Eino: Embedding User Guide
Introduction
The Embedding component is a component for converting text into vector representations. Its main purpose is to map text content into vector space, so that semantically similar texts are closer in vector space. This component plays an important role in the following scenarios:
- Text similarity calculation
- Semantic search
- Text clustering analysis
Component Definition
Interface Definition
type Embedder interface {
EmbedStrings(ctx context.Context, texts []string, opts ...Option) ([][]float64, error)
}
EmbedStrings Method
- Function: Convert a set of texts into vector representations
- Parameters:
- ctx: Context object for passing request-level information and Callback Manager
- texts: List of texts to be converted
- opts: Conversion options for configuring conversion behavior
- Return values:
[][]float64: List of vector representations for the texts, the dimension of each vector is determined by the specific implementation- error: Error information during conversion
Common Options
The Embedding component uses EmbeddingOption to define optional parameters. Below are the abstracted common options.

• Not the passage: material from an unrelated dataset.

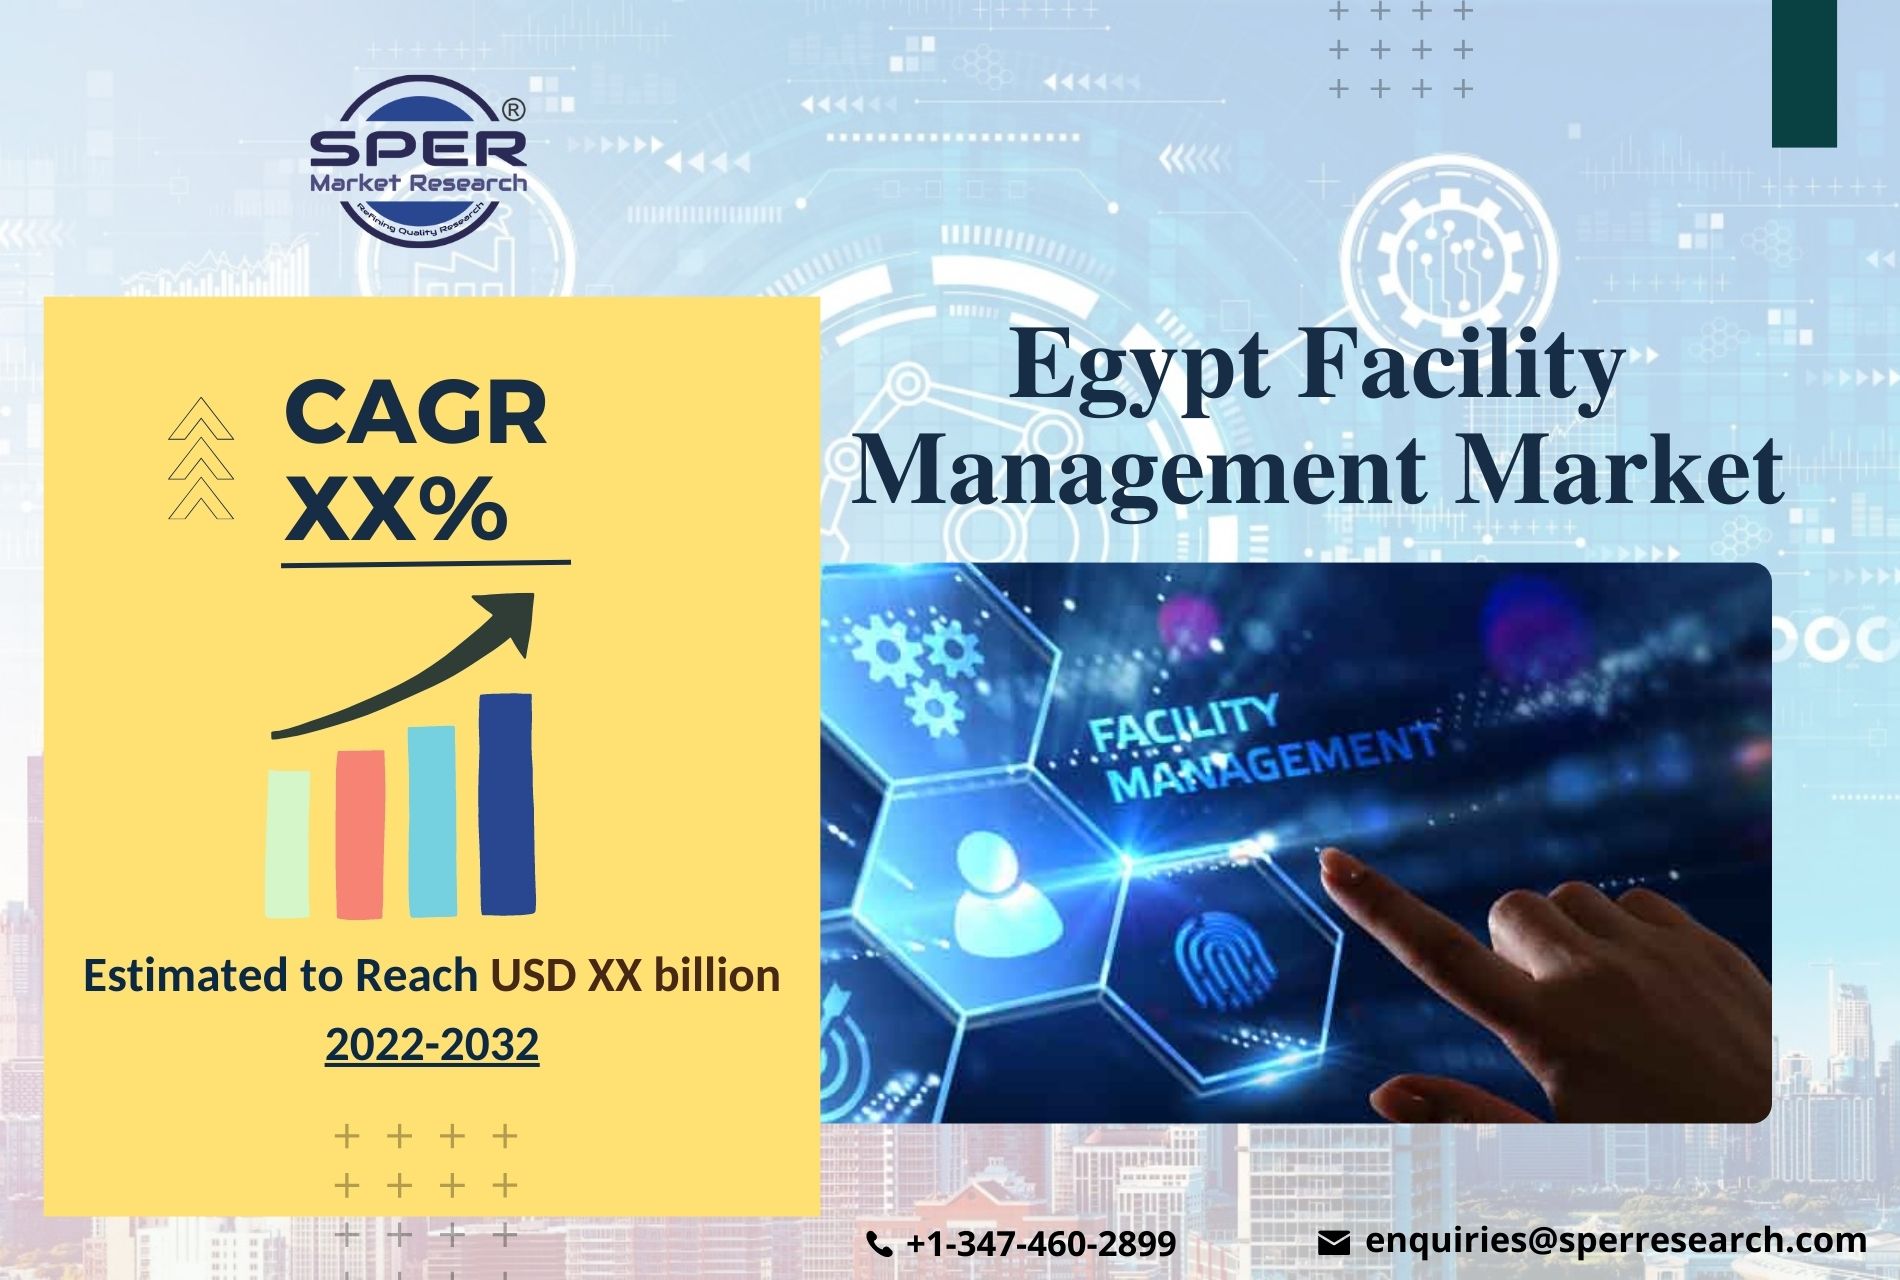 Egypt Facility Management Market

Each specific implementation can define its own specific Options, wrapped into a unified EmbeddingOption type through the WrapEmbeddingImplSpecificOptFn function.
type Options struct {
// Model is the model name used for generating vectors
Model *string
}
Options can be set in the following ways:
// Set model name
WithModel(model string) Option
Usage
Standalone Usage
Code location: eino-ext/components/embedding/openai/examples/embedding
import "github.com/cloudwego/eino-ext/components/embedding/openai"
embedder, _ := openai.NewEmbedder(ctx, &openai.EmbeddingConfig{
APIKey: accessKey,
Model: "text-embedding-3-large",
Dimensions: &defaultDim,
Timeout: 0,
})
vectorIDs, _ := embedder.EmbedStrings(ctx, []string{"hello", "how are you"})
Usage in Orchestration
Code location: eino-ext/components/embedding/openai/examples/embedding
// Use in Chain
chain := compose.NewChain[[]string, [][]float64]()
chain.AppendEmbedding(embedder)
// Use in Graph
graph := compose.NewGraph[[]string, [][]float64]()
graph.AddEmbeddingNode("embedding_node", embedder)
Option and Callback Usage
Option Usage Example
// Using options (standalone component usage example)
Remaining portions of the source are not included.